EXERCISE BRIEF >> Would you transcribe only the lines from the one holding "cambodia, phnom penh, Cambodia, Phnom" through the end of the material, exactly, without any pictures?

(Beginning of RECORDED INFORMATION)

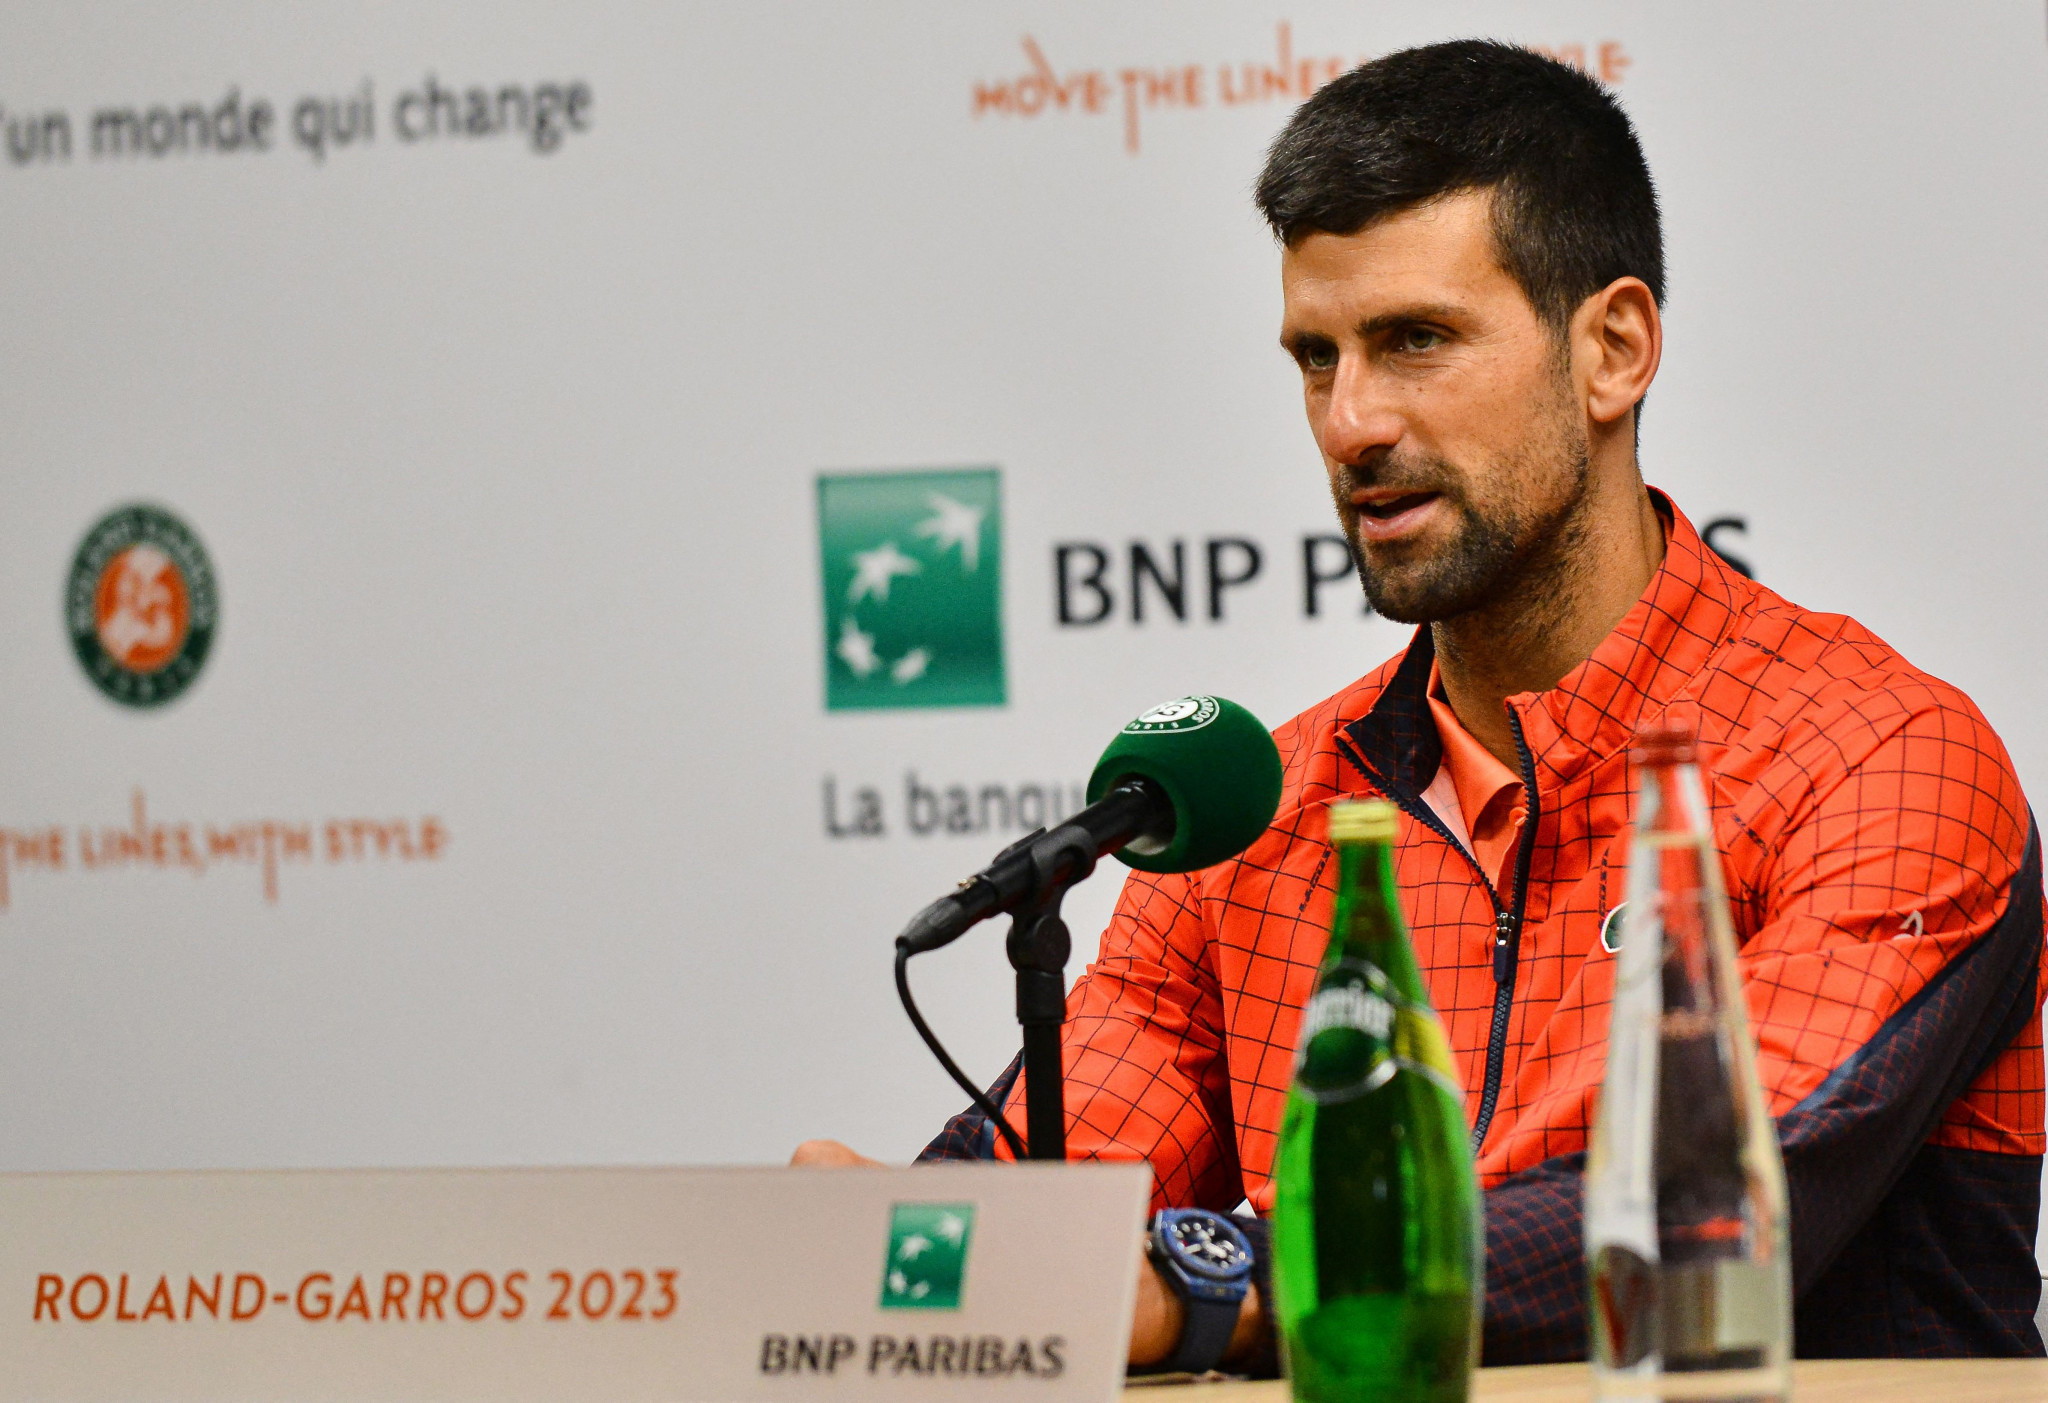 French Sports Minister warns Djokovic to refrain from further political messages
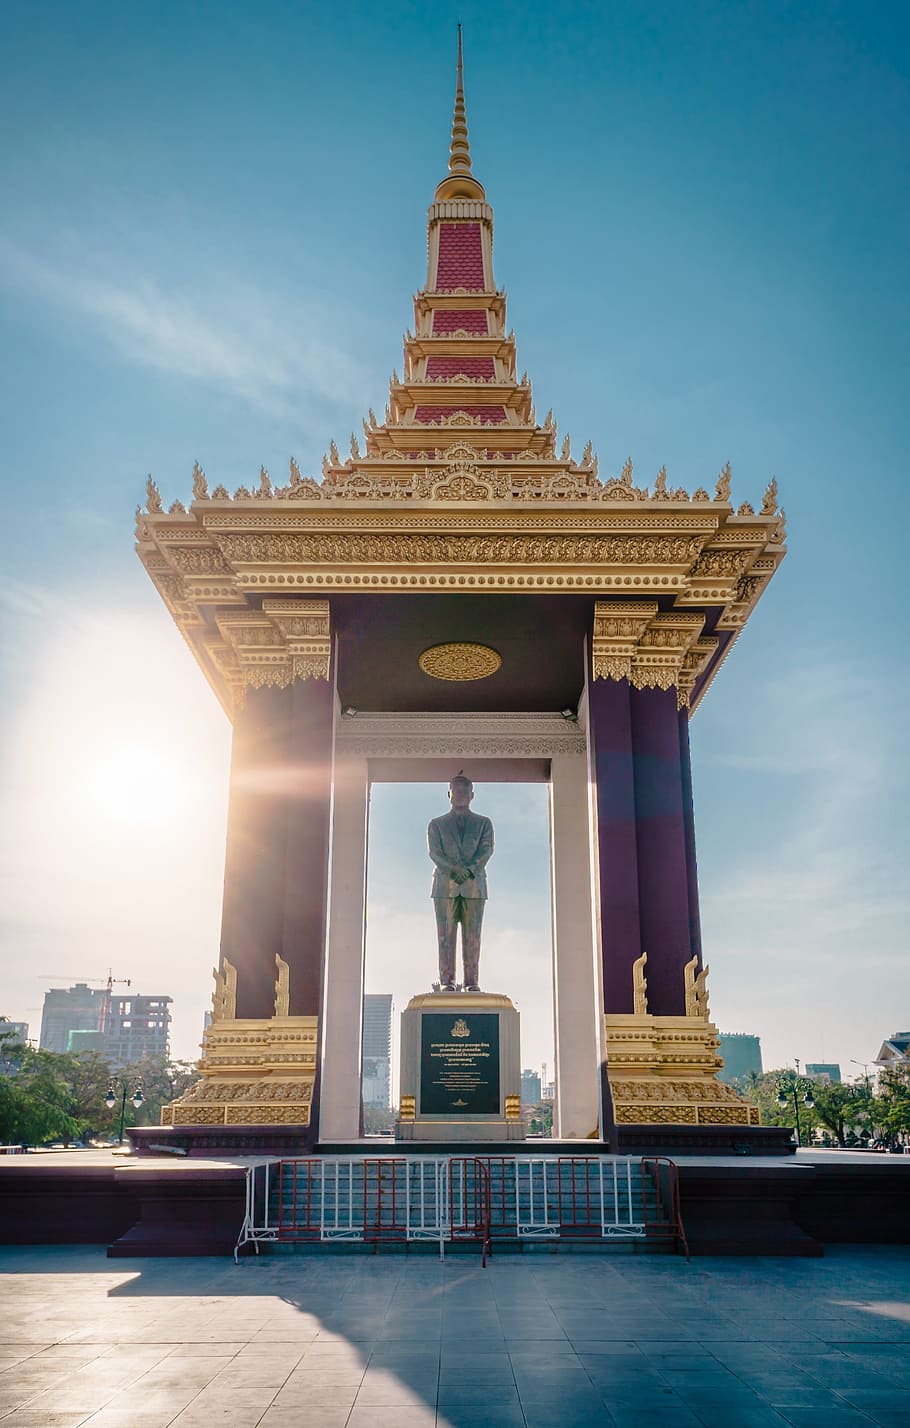 cambodia, phnom penh, Cambodia, Phnom Penh, independence square, travel, building, city, south-east asia, afternoon, sihanoukville
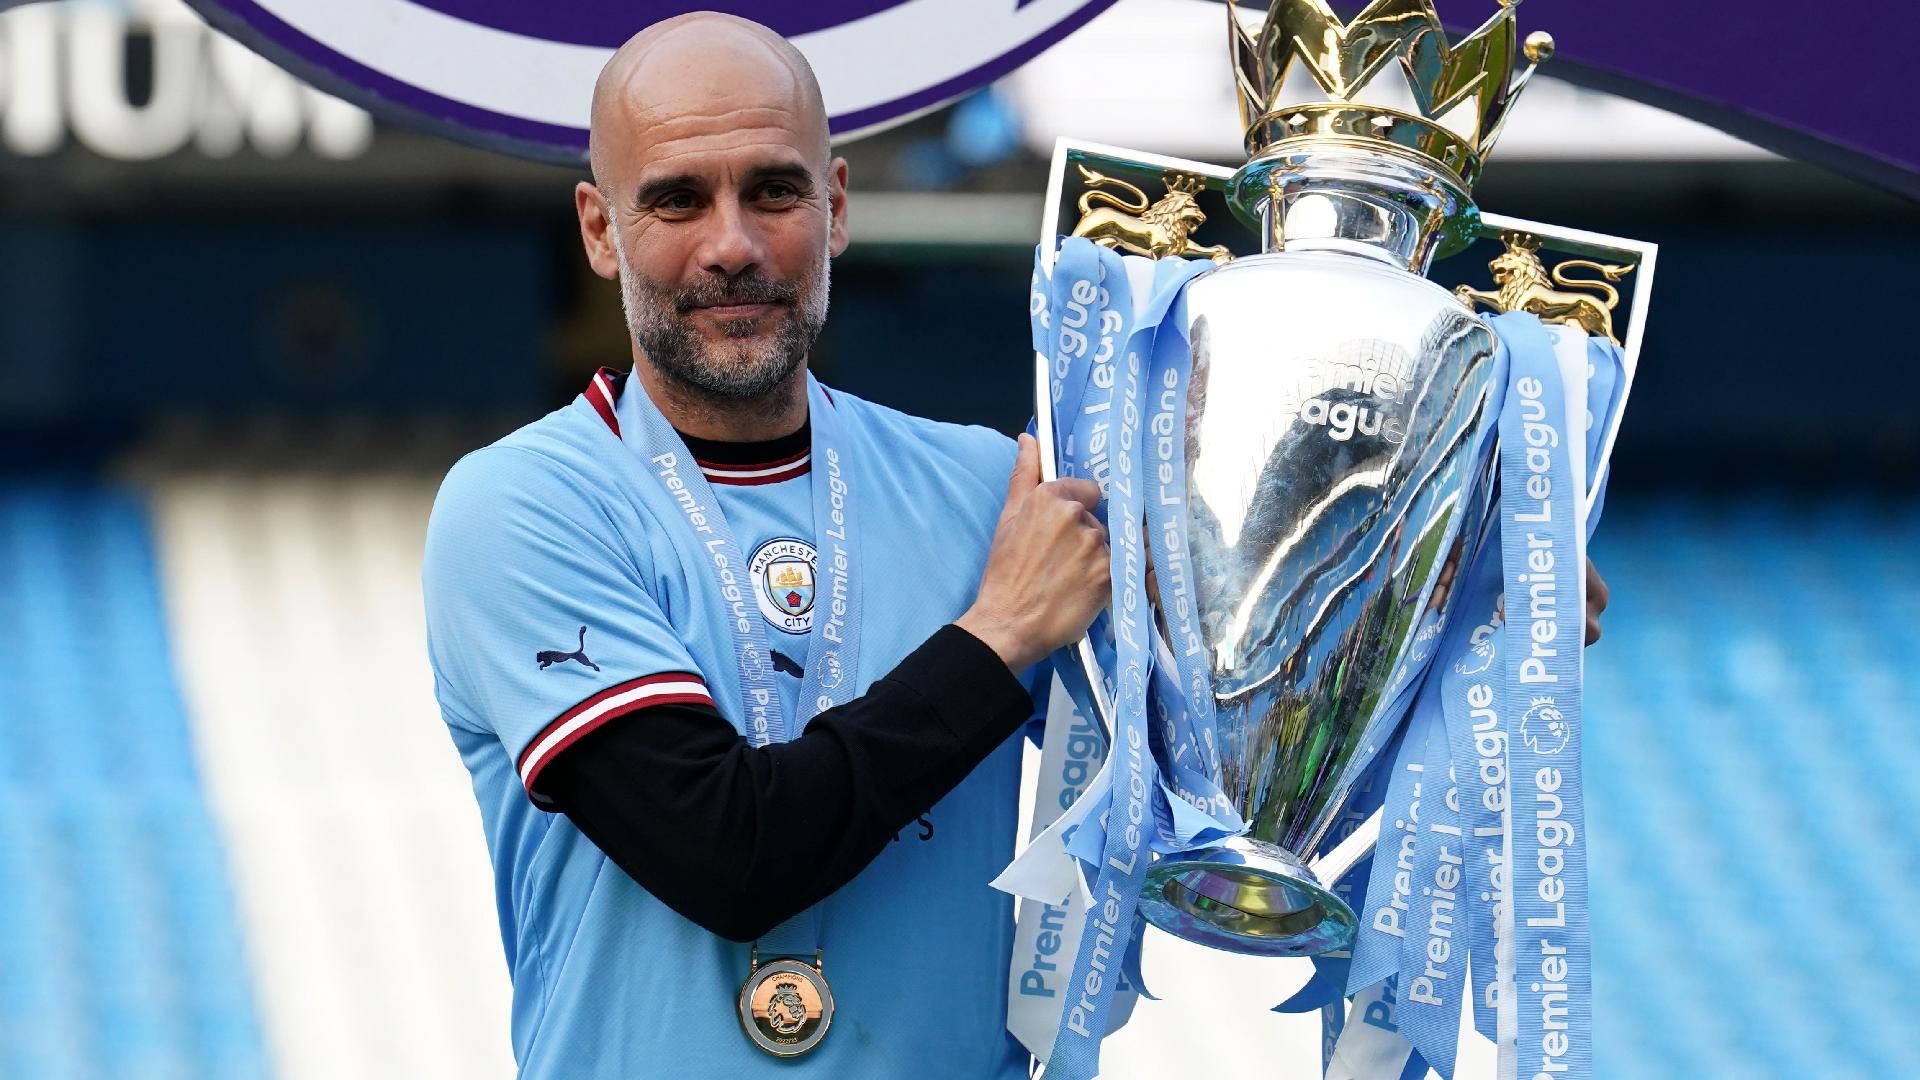 Pep Guardiola: I feel Manchester City are going to win the Premier League again

(End of RECORDED INFORMATION)

YOUR RESPONSE >>
 cambodia, phnom penh, Cambodia, Phnom Penh, independence square, travel, building, city, south-east asia, afternoon, sihanoukville
 Pep Guardiola: I feel Manchester City are going to win the Premier League again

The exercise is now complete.